Karatsuba Matrix Multiplication and its Efficient Custom Hardware Implementations
Abstract
While the Karatsuba algorithm reduces the complexity of large integer
multiplication, the extra additions required minimize its benefits for smaller
integers of more commonly-used bitwidths. In this work, we propose the
extension of the scalar Karatsuba multiplication algorithm to matrix
multiplication, showing how this maintains the reduction in multiplication
complexity of the original Karatsuba algorithm while reducing the complexity of
the extra additions.

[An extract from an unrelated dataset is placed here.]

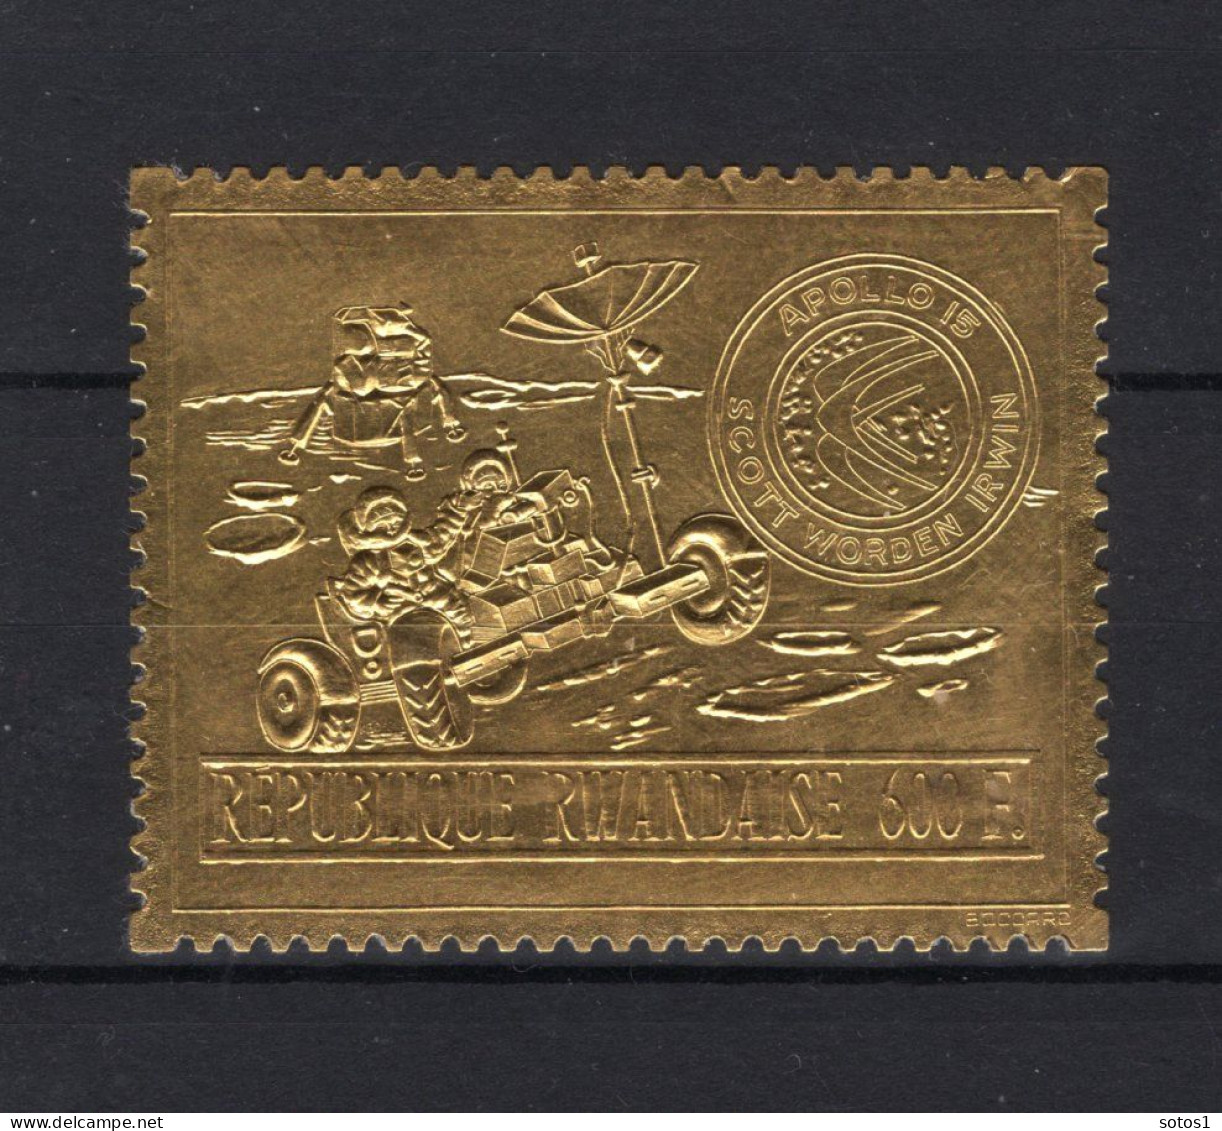 RWANDA 450A MNH 1972 - Unused Stamps

Furthermore, we propose new matrix multiplication hardware
architectures for efficiently exploiting this extension of the Karatsuba
algorithm in custom hardware. We show that the proposed algorithm and hardware
architectures can provide real area or execution time improvements for integer
matrix multiplication compared to scalar Karatsuba or conventional matrix
multiplication algorithms, while also supporting implementation through proven
systolic array and conventional multiplier architectures at the core. We
provide a complexity analysis of the algorithm and architectures and evaluate
the proposed designs both in isolation and in an end-to-end deep learning
accelerator system compared to baseline designs and prior state-of-the-art
works implemented on the same type of compute platform, demonstrating their
ability to increase the performance-per-area of matrix multiplication hardware.